Where the wheel is distributed: the Python Package Index (pypi.org/project/libtpu/), as the official Cloud TPU PJRT plugin Google ships for JAX/XLA on TPU. The package's third-party notices (THIRD_PARTY_NOTICES.txt, 731,537 B; SDK_THIRD_PARTY_NOTICES.txt, 103,306 B) enumerate the open-source components statically linked in — a published, authoritative corroboration of the embedded-library census in Embedded-Library Atlas, used only as a cross-check, never as a source of internal behavior.


Reverse engineering a publicly distributed binary for interoperability and research is a long-settled, lawful activity in both US and EU law. This book relies on the following canonical authorities. They are cited here because the reconstruction's legitimacy is part of its provenance, not because the book asserts anything novel about them.

United States — Statute

  • Digital Millennium Copyright Act, 17 U.S.C. § 1201(f) — "Reverse Engineering" exemption. Permits circumventing technological protection measures, and developing the means to do so, for the sole purpose of identifying and analyzing the elements of a program necessary to achieve interoperability of an independently created program — to the extent such acts are permitted under copyright law. The provisions also permit sharing the information obtained for that interoperability purpose. The analysis here neither circumvents access controls (the wheel is distributed in the clear) nor redistributes the binary; § 1201(f) is the statutory backstop for the interoperability framing.

United States — Case Law

  • Sega Enterprises Ltd. v. Accolade, Inc., 977 F.2d 1510 (9th Cir. 1992). Holds that disassembly of a lawfully obtained copy of a computer program is fair use when it is the only means of access to the unprotected functional elements (ideas, interfaces) of the program, and the copier has a legitimate reason — interoperability — for seeking that access. The foundational US authority that intermediate copying during disassembly does not infringe when its purpose is to study uncopyrightable functional aspects.

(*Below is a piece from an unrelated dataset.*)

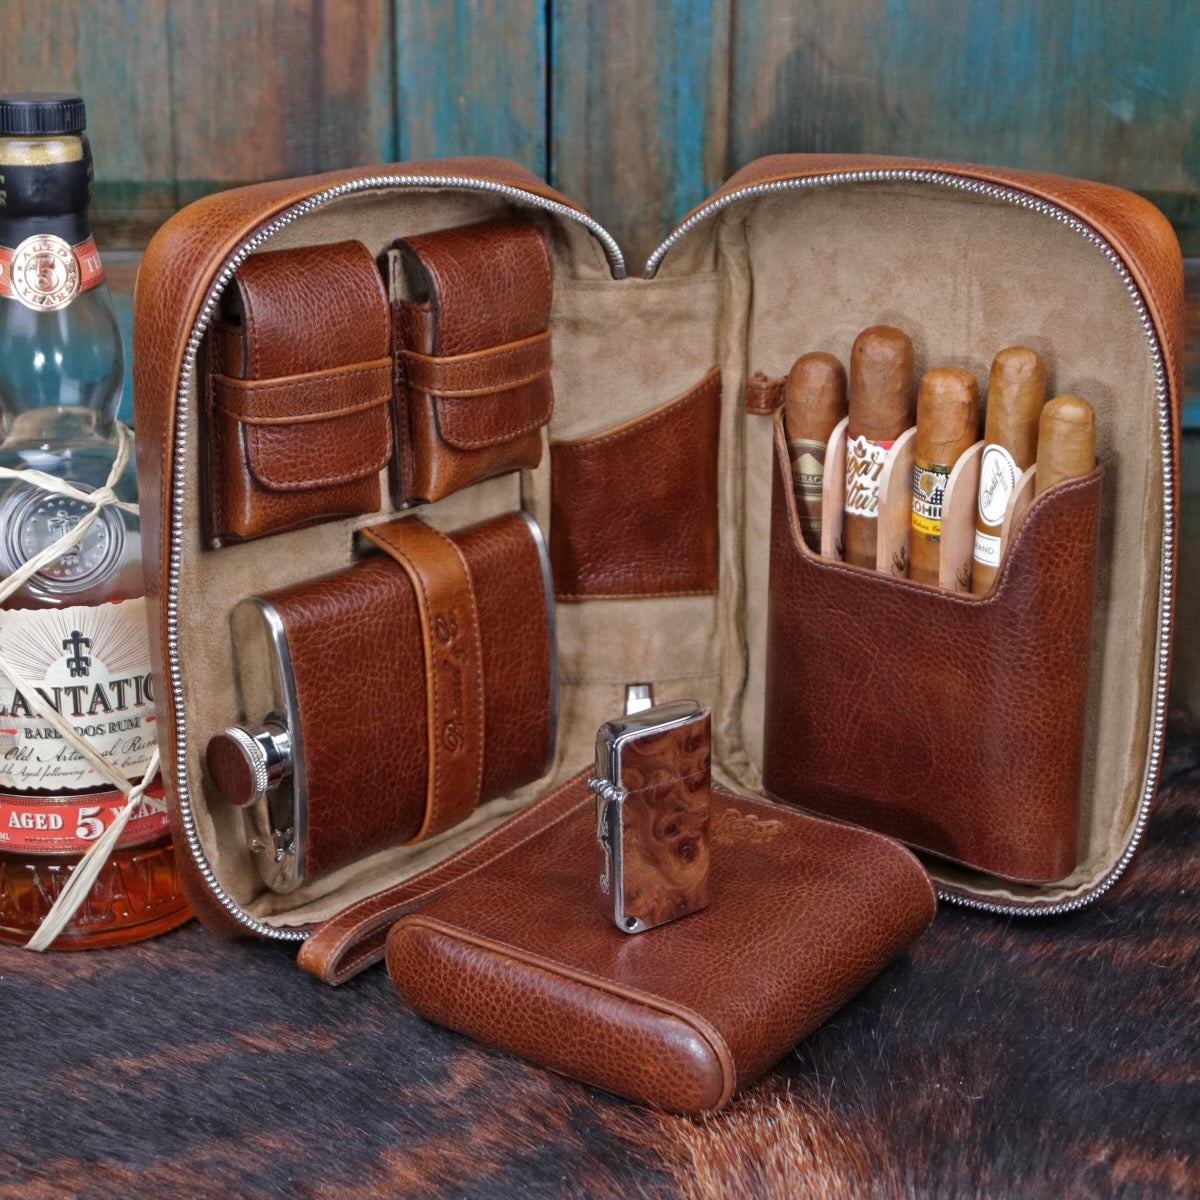 Cognac Leather Cigarette Case, Custom Cigarillo Pouch, Travel

  • Sony Computer Entertainment, Inc. v. Connectix Corp., 203 F.3d 596 (9th Cir. 2000). Extends Sega: intermediate copying of the PlayStation BIOS during reverse engineering to produce an interoperable, independently written emulator is fair use, even where the resulting product competes with the original. Confirms that the transformative, interoperability-driven purpose controls, not whether the end product is commercially adverse.

European Union

  • Directive 2009/24/EC of 23 April 2009 on the legal protection of computer programs (the "Software Directive").
    • Article 5(3) — the lawful user of a program may, without authorization, observe, study, or test its functioning to determine the ideas and principles underlying any element of the program, while performing acts they are entitled to perform.
    • Article 6decompilation is permitted, without the rightholder's authorization, where indispensable to obtain the information necessary to achieve the interoperability of an independently created program, subject to the stated conditions (performed by a licensee, the information not previously readily available, confined to the parts necessary for interoperability).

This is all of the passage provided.